Authority Identity and the Social History of the Great War

Authority  Identity and the Social History of the Great War
Author: Frans Coetzee,Marilyn Shevin-Coetzee
Publsiher: Berghahn Books
Total Pages: 388
Release: 1995
Genre: History
ISBN: 1571810676

Download Authority Identity and the Social History of the Great War Book in PDF, Epub and Kindle

The unprecedented scope and intensity of the First World War has prompted an enormous body of retrospective scholarship. However, efforts to provide a coherent synthesis about the war's impact and significance have remained circumscribed, tending to focus either on the operational outlines of military strategy and tactics or on the cultural legacy of the conflict as transmitted bythe war's most articulate observers. This volume departs from traditional accounts on several scores: by exploring issues barely touched upon in previous works, by deviating from the widespread tendency to treat the experiences of front and homefront isolation, and by employing a thematic treatment that, by considering the construction of authority and identity between 1914 and 1918, illuminates the fundamental question of how individuals, whether in uniform or not, endured the war's intrusion into so many aspects of their public and private lives.
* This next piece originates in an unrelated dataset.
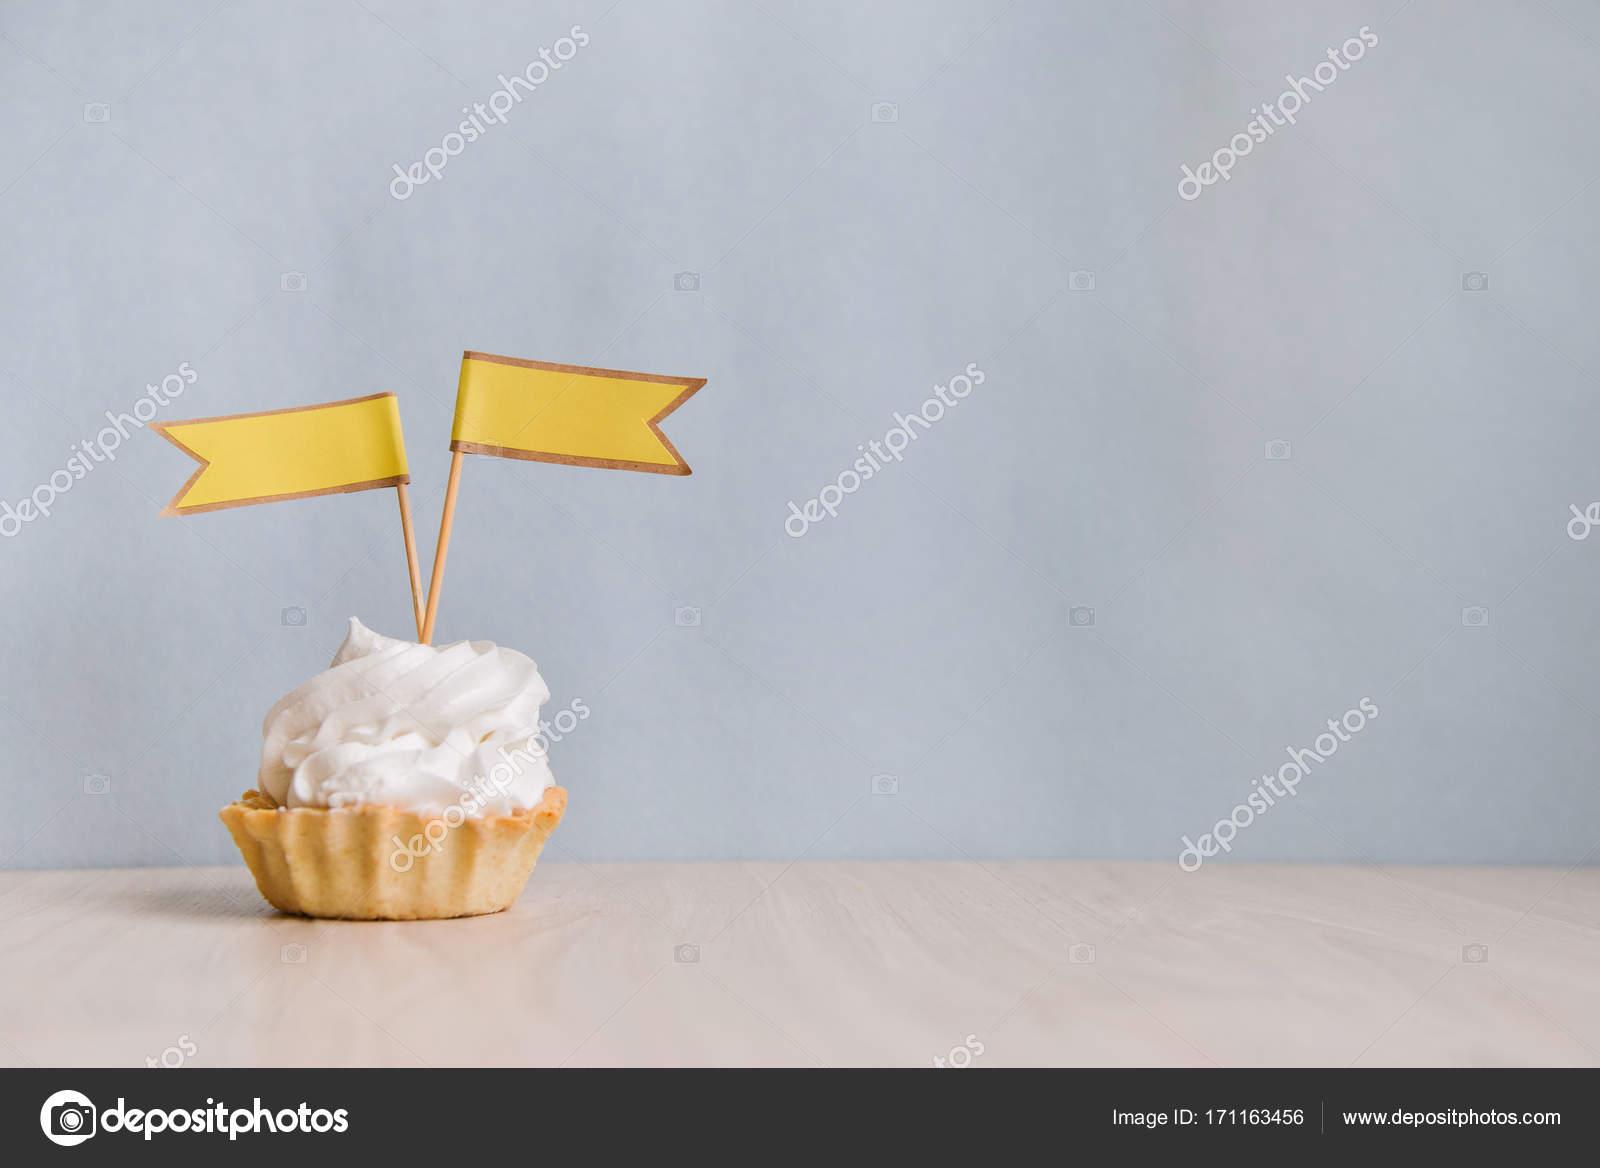 decoraç u00e3o para barra festa de aniversário, bolos de chocolate u2014 Stock Photo u00a9 OlgaChan #171163456
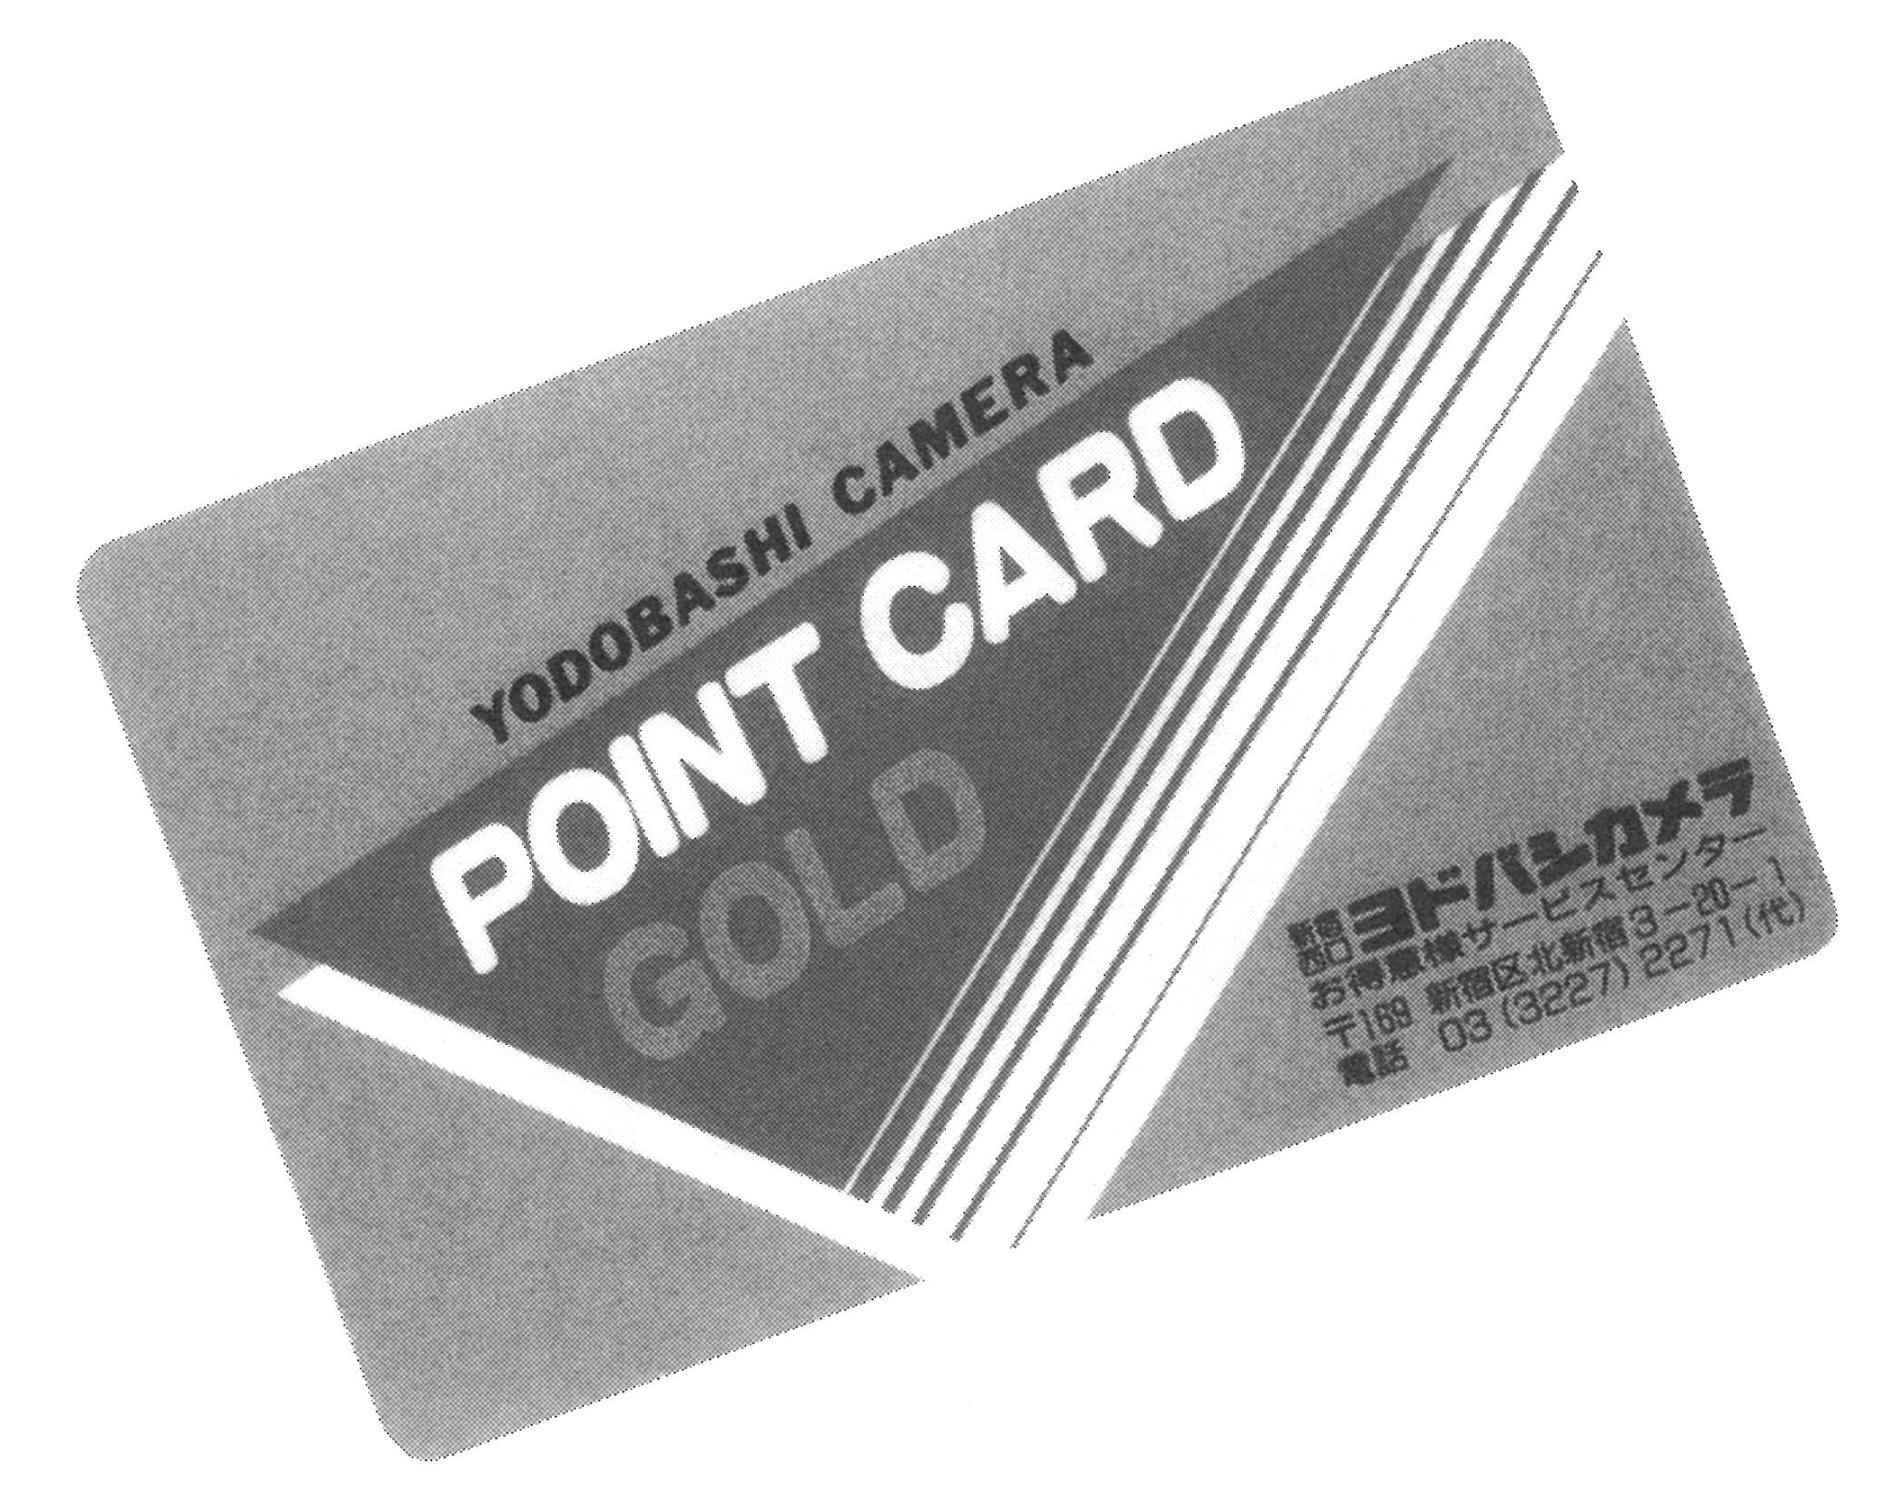 家電量販店のポイントカードの先駆けとなった「ゴールドポイントカ ード」

Orthodox Christian Identity in Western Europe

Orthodox Christian Identity in Western Europe
Author: Sebastian Rimestad
Publsiher: Routledge
Total Pages: 214
Release: 2020-11-19
Genre: Religion
ISBN: 9781000228106

Download Orthodox Christian Identity in Western Europe Book in PDF, Epub and Kindle

This book analyses the discourses of Orthodox Christianity in Western Europe to demonstrate the emerging discrepancies between the mother Church in the East and its newer Western congregations. Showing the genesis and development of these discourses over the twentieth century, it examines the challenges the Orthodox Church is facing in the modern world. Organised along four different discursive fields, the book uses these fields to analyse the Orthodox Church in Western Europe during the twentieth century. It explores pastoral, ecclesiological, institutional and ecumenical discourses in order to present a holistic view of how the Church views itself and how it seeks to interact with other denominations. Taken together, these four fields reveal a discursive vitality outside of the traditionally Orthodox societies that is, however, only partly reabsorbed by the church hierarchs in core Orthodox regions, like Southeast Europe and Russia. The Orthodox Church is a complex and multi-faceted global reality.Therefore, this book will be a vital guide to scholars studying the Orthodox Church, ecumenism and religion in Europe, as well as those working in religious studies, sociology of religion, and theology more generally.